# A new way of making your tank lighting better



## GreenNeedle (9 Mar 2008)

Take a look at this.  I show some tongue in cheek enthusiasm in my interest in this thread as you will see from the post I made in it. he, he

What a joker lol.  He sure is proud of his scientific achievements here.lol

http://www.fishforums.net/index.php?sho ... try1937658

Andy


----------



## TDI-line (9 Mar 2008)

Hmmm.


----------



## Themuleous (9 Mar 2008)

What?  What on earth is he trying to achieve?

Sam


----------



## GreenNeedle (9 Mar 2008)

maybe he should get some new tubes, put them in and then rest the hood upside down whilst the lights are turned on he, he

Andy


----------



## George Farmer (9 Mar 2008)

Let's not turn our forum into a bashing community, please.


----------



## Themuleous (9 Mar 2008)

Sorry if that's the impression I gave George, just really perplexed and curious!


----------



## GreenNeedle (9 Mar 2008)

Sorry didn't mean to bash.  I just thought 'how on earth can anyone think that this is good.

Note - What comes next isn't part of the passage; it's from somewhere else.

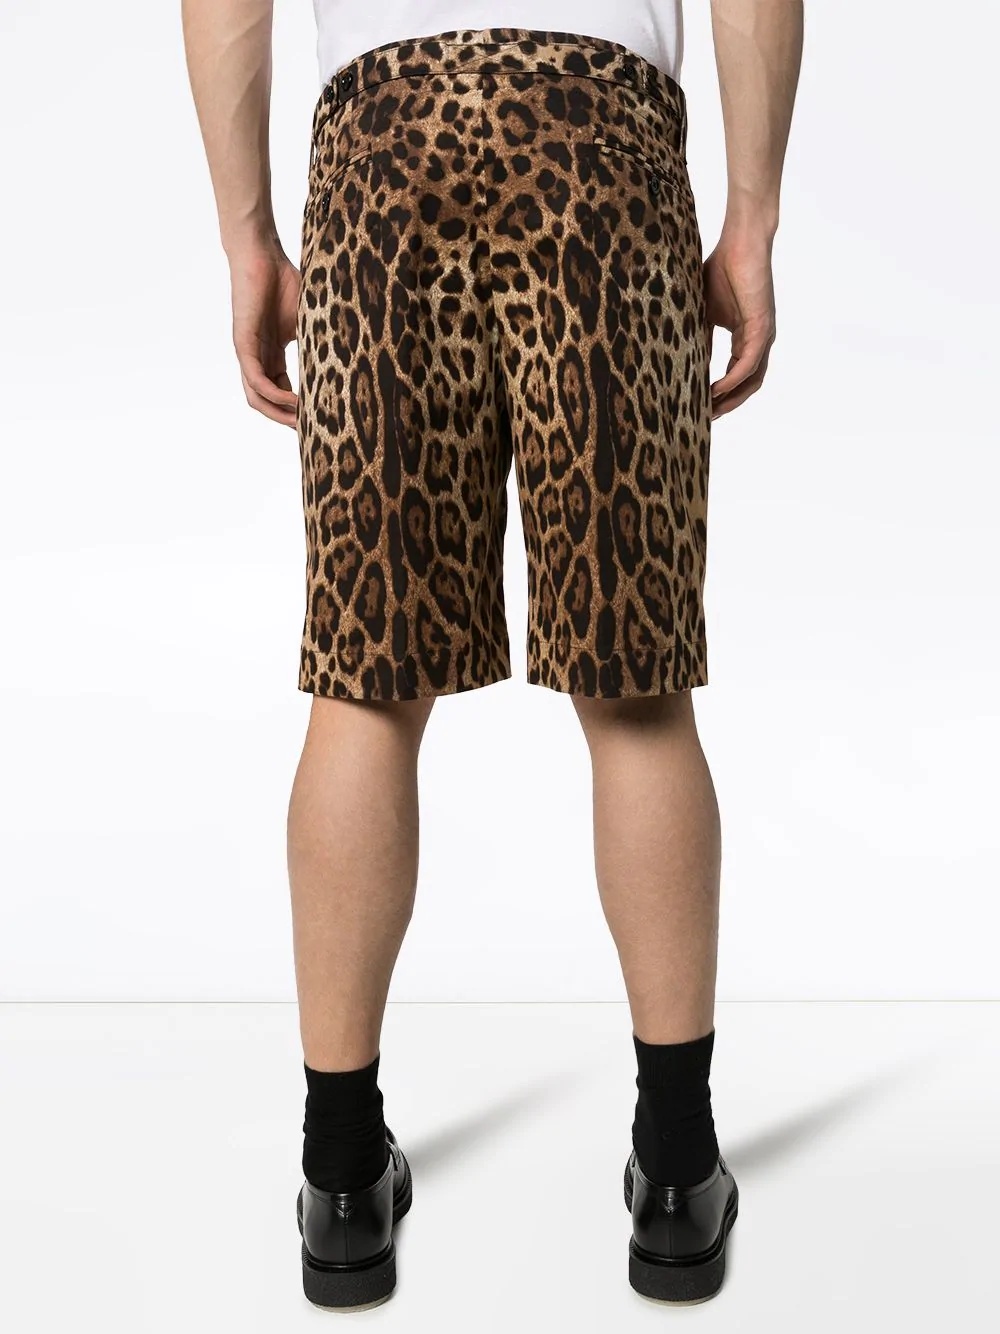 leopard-print bermuda shorts - 4

I feel like a naughty schoolkid now.  Oh well.  BACK to the books. lol

Andy


----------



## PM (3 May 2008)

Hi, sorry I just had to respond to this, it's pretty simple actually, I have a T5 pendant above my tank, if I push it back, it shadows the front (where there are no plants anyway), and lights more from the back (which is a really nice effect.

You will find (no matter what lights you have) that your fish look their best in natural or ambient light.

The reflector idea is just a way of getting this effect.

Push your light unit to the back of the tank in the day, and watch your fish in natural light, I love it!  8)


----------



## sanj (6 May 2008)

Did you post any photos?


----------



## Wolfenrook (7 May 2008)

Each to their own I suppose.  If somebody likes the effect this creates then heh, it's their tank.

Myself I find my fish look far more beautiful under my lighing than in natural light, the blues and reds positively glow under my combination of 6,500k and plant tubes.

Ade


----------



## sanj (8 May 2008)

Yeah, I think I would be more concerned with growing plants and so would not be looking to minimize light. I was interested to see wha the fish looked like tough under this unusual use of lighting.

The funny thing is that it was not long ago that people were struggling to get enough light into thier aquariums and now this dude is trying to reduce it. lol


----------